Those who took to social media are Kabelo Moswetsi, his wife Mosire Moswetsi, Betty Phalaagae, Lebotse Kgope and MmaDombenase Mooketsi. Others reacted directly to the reporter. They are happy that the ills of Mochudi are finally being exposed. On the other hand, those who chose to go to social media feel stories appearing in newspapers about regiment meetings are unprecedented and therefore a departure from the norm.
I intend dealing with Betty Phalaagae at length. Before I do that, I must state that I admire a man called Kabelo Moswetsi. I have never interacted with him but I know him of being a level-headed man. In 2010, I was not at Molapong but I know there was a discussion on how to deal with certain bars which were identified as hot spot for unruliness. The tribal leadership was threatening to deal with them in a manner that would result with criminal investigations being carried out. Those attending were afraid to advise our Kgosi to the contrary. I am told that only Kabelo Moswetsi stood up and warned against the consequences of the route being contemplated. Fortunately Mochudi still had Kgosi Kgafela II. He usually listened to everybody’s advice and as such troubles were averted. Kabelo might have been sarcastic in his Facebook message, but he demonstrated maturity. Perhaps this is why he fits well at one of the country’s higher institution of learning where he works.

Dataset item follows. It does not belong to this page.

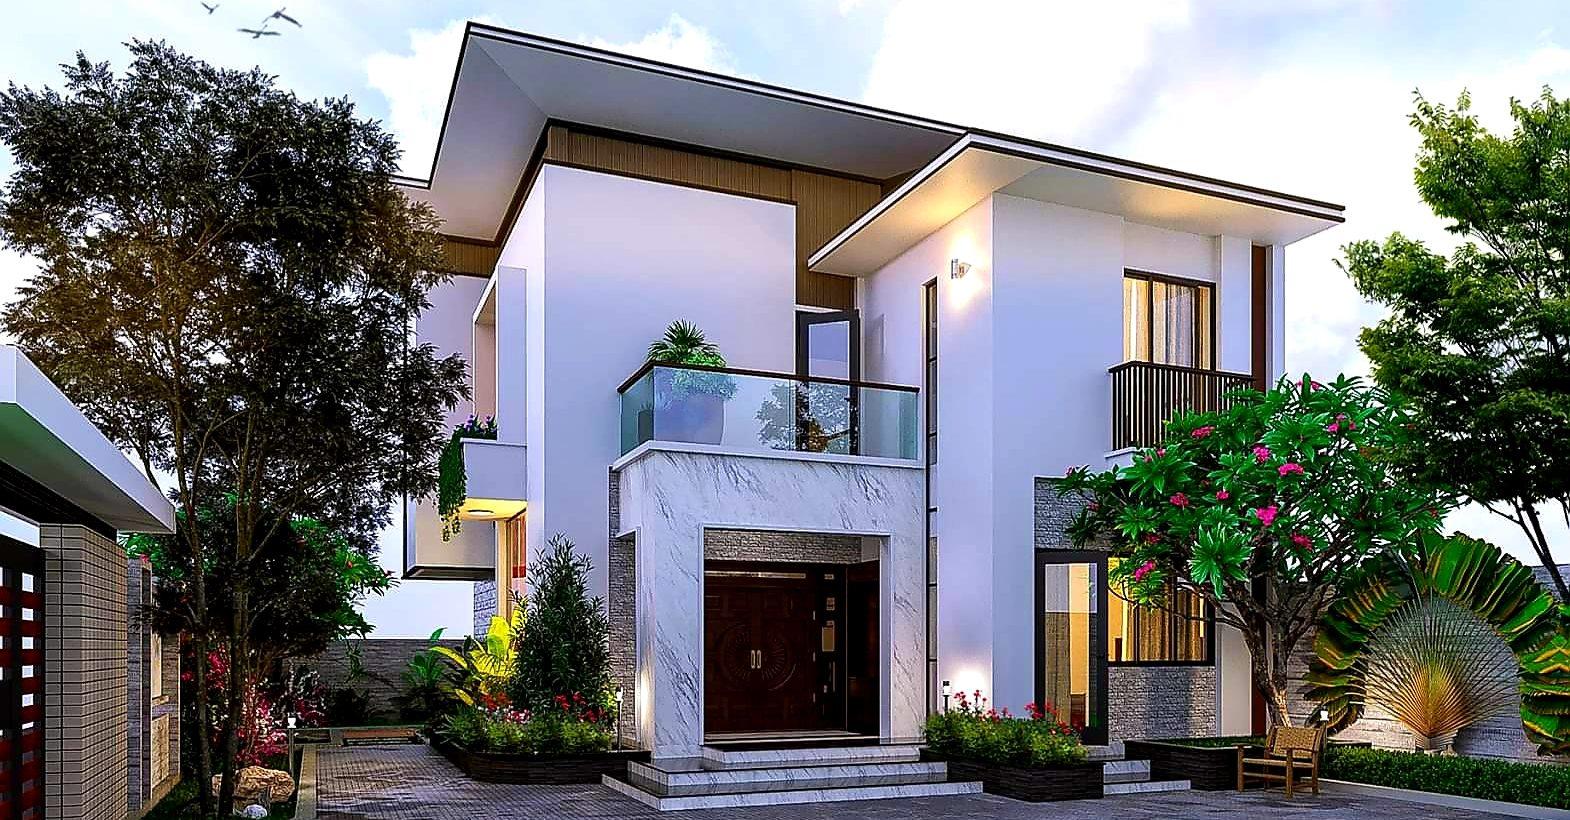 Thi công xây dựng nhà phố đẹp tại TPHCM

I was Kgosi Linchwe II’s confidante for 34 years. That period was not a whale of time. I used that association as a learning period. He too ensured that he imparted a lot in me. Whatever he imparted was not meant for my personal benefit. I understood it to be for the benefit of the people. This is what I am doing. During that time, he told me a lot about chieftainship matters. He even introduced me to several traditional leaders like Kgosi Lebone Molotlegi of Bafokeng, Kgosi Bathoen II of Bangwaketse, Kgosi Leapetswe Khama of Bangwato, Kgosi Seepapitso IV and Kgosi Monare of Batlokwa to learn more. For the benefit of those who don’t know, Kgosi Lebone stayed at Gaborone Sun for about three years after he had fled his country due to persecution by Lucas Mangope of Bophuthatswana in the mid-seventies.

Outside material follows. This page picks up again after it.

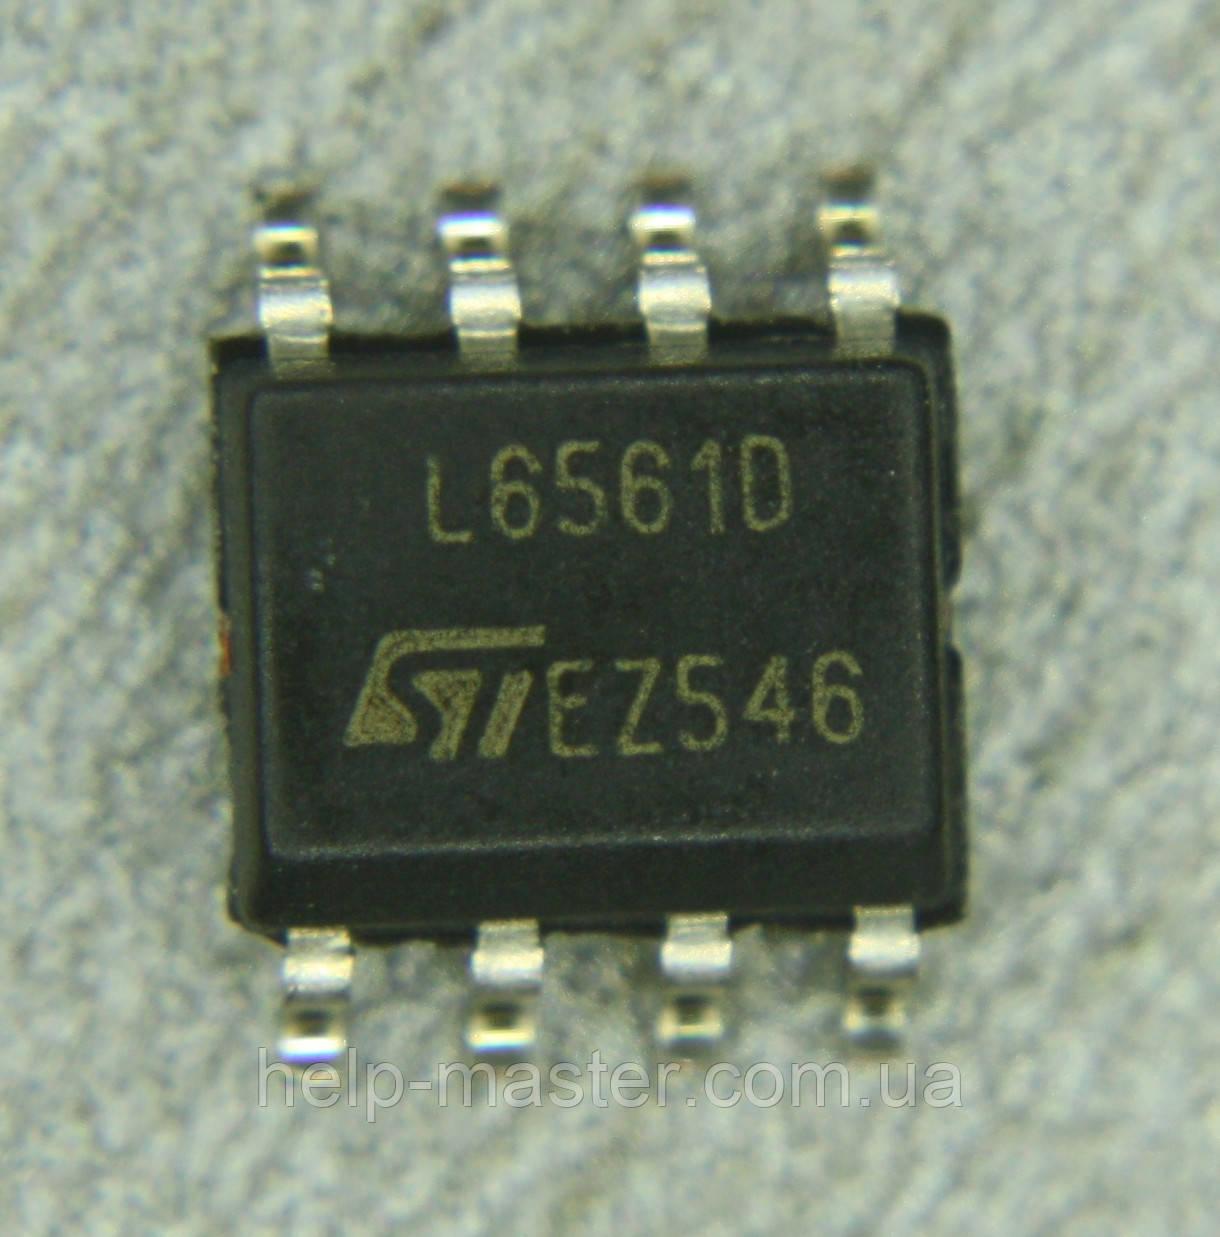 L6561D;   (SO-8)

During one of my visits to his hotel room, he lectured me on a wide range of issues concerning chieftainship. One of the things he discussed was how to protect the kgosi from getting into troubles. His view was that a kgosi as a human being, was not immune from making mistakes. He said a kgosi normally has people who accompany him on official or private visits. According to him, his associates should ensure that the kgosi avoids pitfalls by giving him proper advice. They should not just dance to the kgosi’s music. He said letting the kgosi get into troubles was dangerous because it would be very difficult to rescue him.

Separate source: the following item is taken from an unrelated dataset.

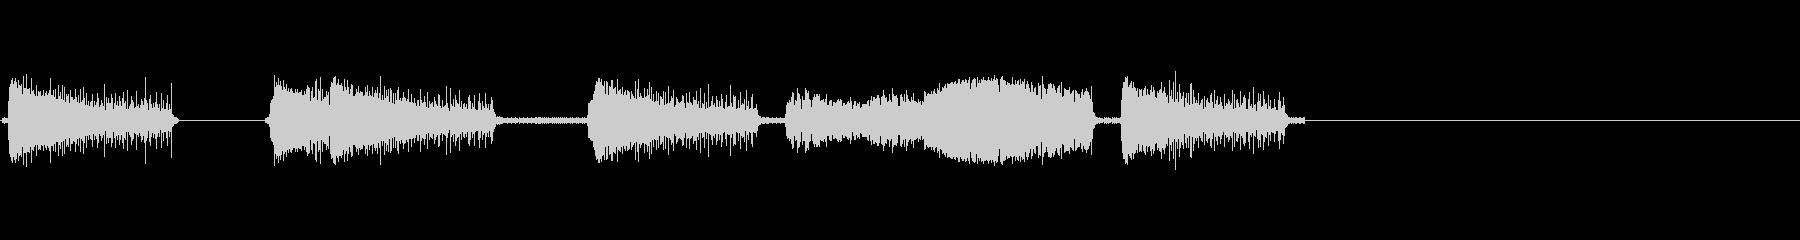 レーザー、アーケード5の未再生の波形

I interacted with Kgosi Bathoen when he was a member of parliament for Kanye. This is the view which he agreed with. He said the one year suspension that was imposed on Kgosi Seepapitso by government in 1973 came about because his son had no advisers. His travelling mates led him into temptation. He said “kgosi e tshwanetse ya gakololwa mme ga e sa amogele dikgakololo, e bo e felela e tsena mo mathateng, go tla a bo go tswa mo go yona ka e gana go gakololwa”.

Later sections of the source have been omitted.